Proprietors of brand-name drugs may heave another sigh of relief as the Singapore Court of Appeal in Zyfas Medical Co (Sued as a firm) v. Millennium Pharmaceuticals, Inc  SGCA 84 re-affirmed its holding in Millennium Pharmaceuticals, Inc v. Drug Houses of Australia Pte Ltd  SGCA 31 (the DHA decision) rejecting an overly-restrictive interpretation of the scope of the patent linkage regime in Singapore.
Singapore’s patent linkage regime
Under the patent linkage regime in Singapore implemented by the Health Products (Therapeutic Products) Regulations 2016 (Cap. 122D) (the TPR), an applicant for product registration and marketing approval of a drug product is first required to declare any patent in force in respect of the said drug product to the Health Sciences Authority (the HSA). Where any patent is declared, the HSA will generally require the applicant to notify the proprietor of the declared patent.

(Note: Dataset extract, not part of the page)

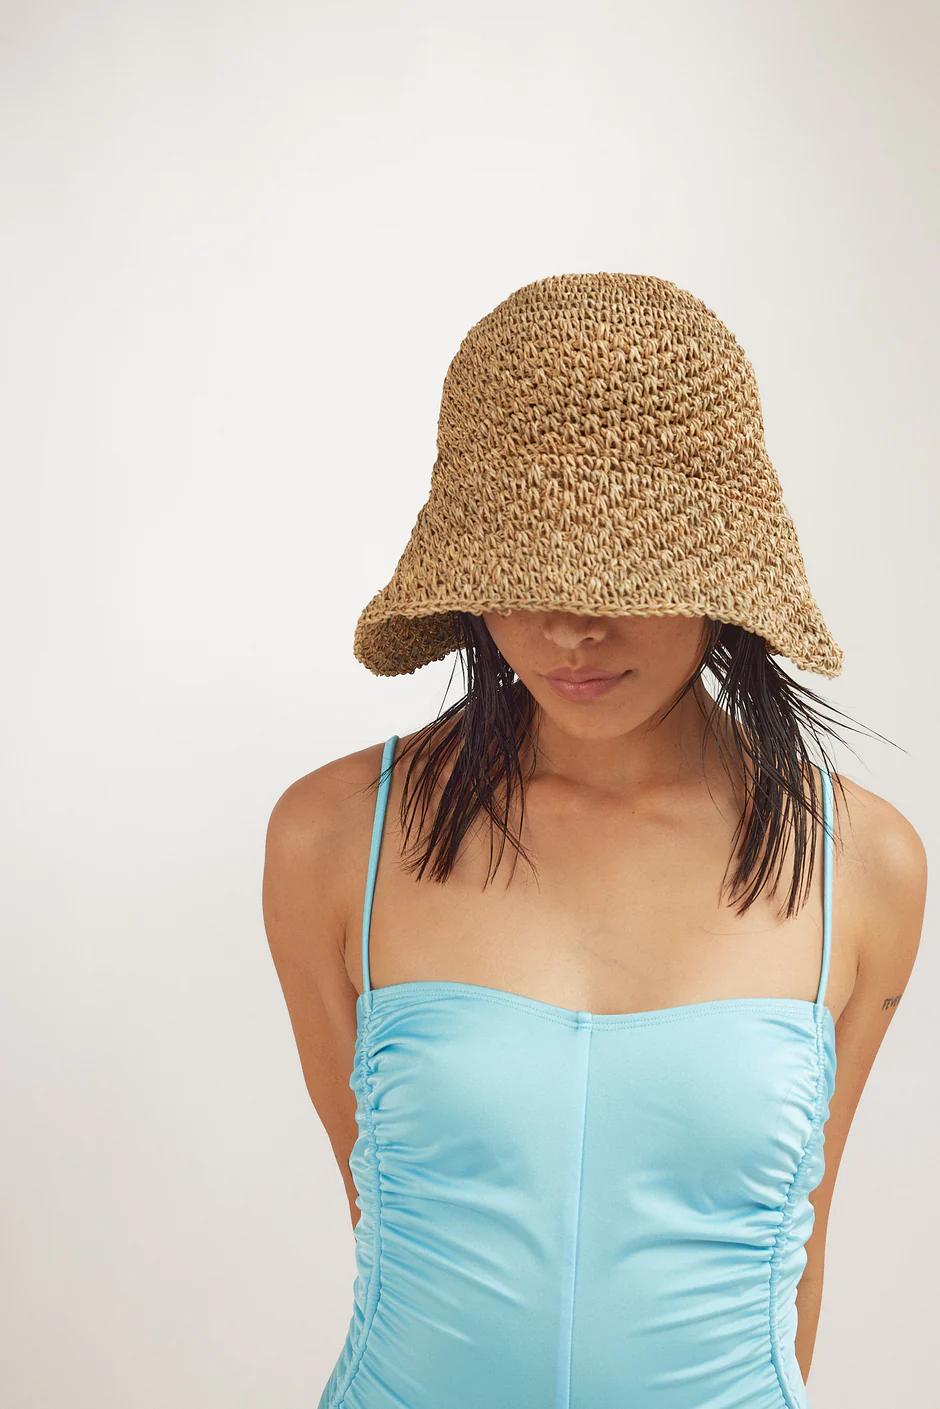 Product Image for Opia Hat, Seagrass Straw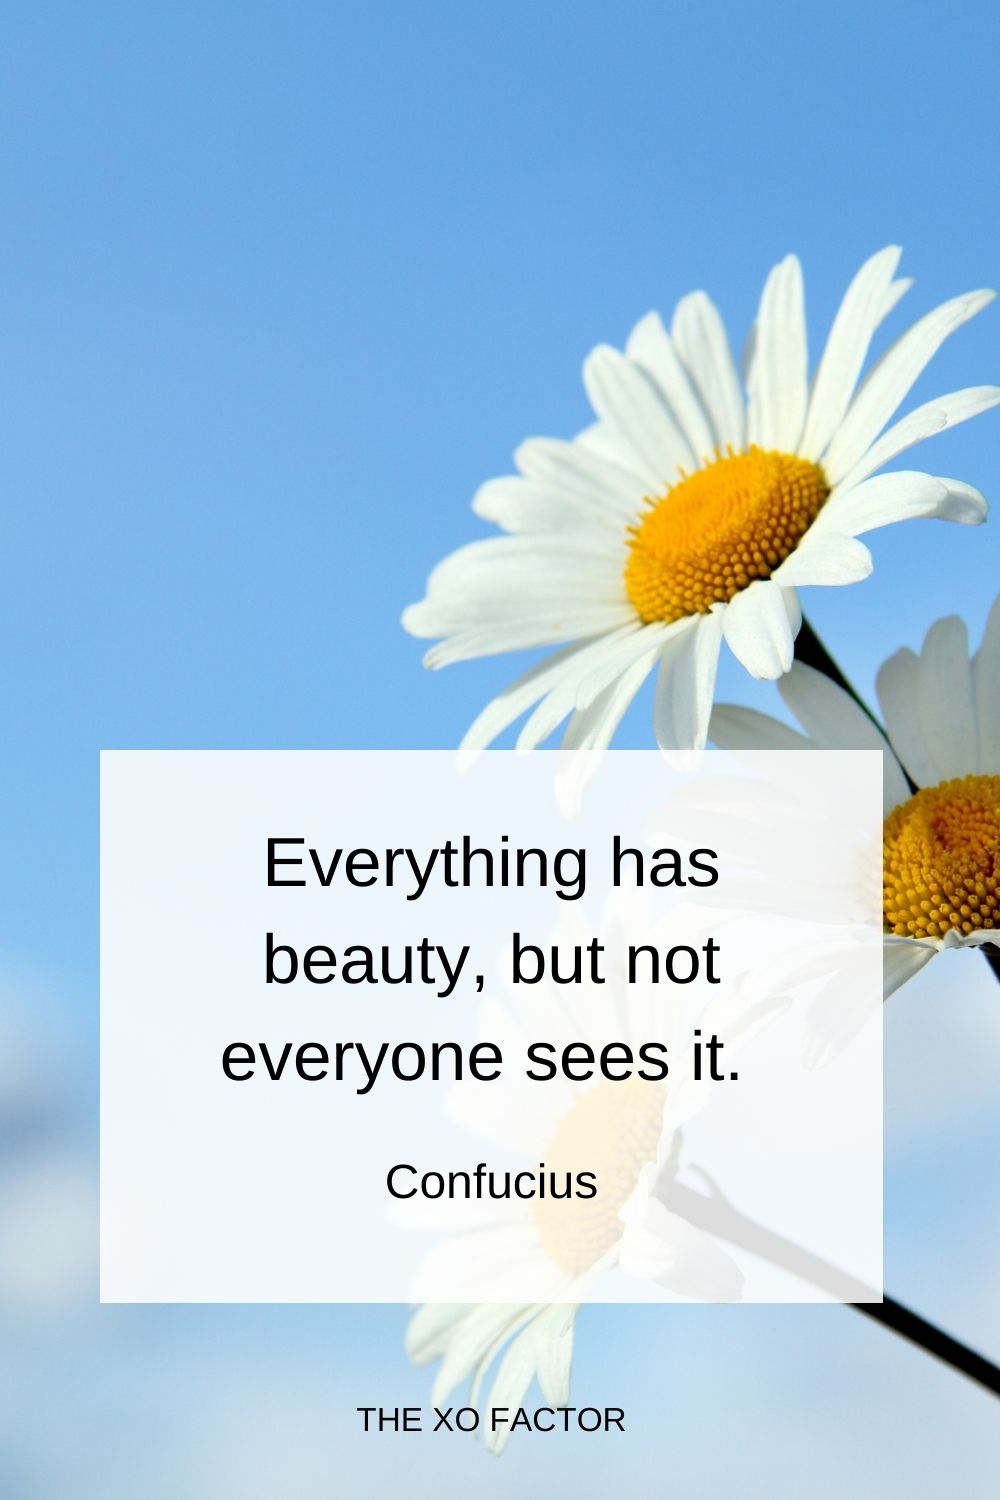 Everything has beauty, but not everyone sees it. Confucius

If the patent proprietor commences legal action against the applicant to defend its patent(s) within 44 days from the receipt of such notice, a 30-month moratorium will be applicable during which the HSA will not grant product registration or marketing approval of the drug product.
The patent linkage regime is an important tool by which proprietors of brand-name drugs may protect their legitimate monopoly in a lucrative market. However, some generics may omit to declare relevant patents to the HSA, by-passing the patent linkage regime entirely and obtaining registration and marketing approval without being subject to the 30-month moratorium.
This was what transpired in Zyfas Medical Co (Sued as a firm) v. Millennium Pharmaceuticals, Inc: the generic drug entity, Zyfas Medical Co had obtained product registration of its generic bortezomib, Myborte, an oncology drug for the treatment of multiple myeloma and mantle cell lymphoma, without declaring to the HSA certain patents for the manufacture of bortezomib belonging to Millennium Pharmaceuticals, Inc.
Millennium brought an action against Zyfas for a court declaration that Zyfas had made a materially false or misleading statement, or omitted to disclose material matter, in its declaration to the HSA by failing to declare Millennium’s patents in contravention of Regulation 23(2)(a) of the TPR. Such a court declaration may be used to seek the cancellation of the relevant product registration and marketing approval.
At the first-instance hearing before the High Court, Zyfas argued that no court declaration ought to be granted as the omission to declare Millennium’s patents was not done knowingly or intentionally. The High Court disagreed and declared that Zyfas’ declaration under Regulation 23(2)(a) of the TPR omits to disclose matter that is material to its application for product registration of its Myborte product. Zyfas appealed against the decision.
The appeal by Zyfas
On appeal, Zyfas changed its tack to argue that the process patents (as opposed to product patents) do not have to be declared to the HSA under the patent linkage regime. Zyfas argued that the phrase “patent … in force in respect of the therapeutic product” required to be declared under Regulation 23(2)(a) of the TPR refers only to a product patent and not a process patent.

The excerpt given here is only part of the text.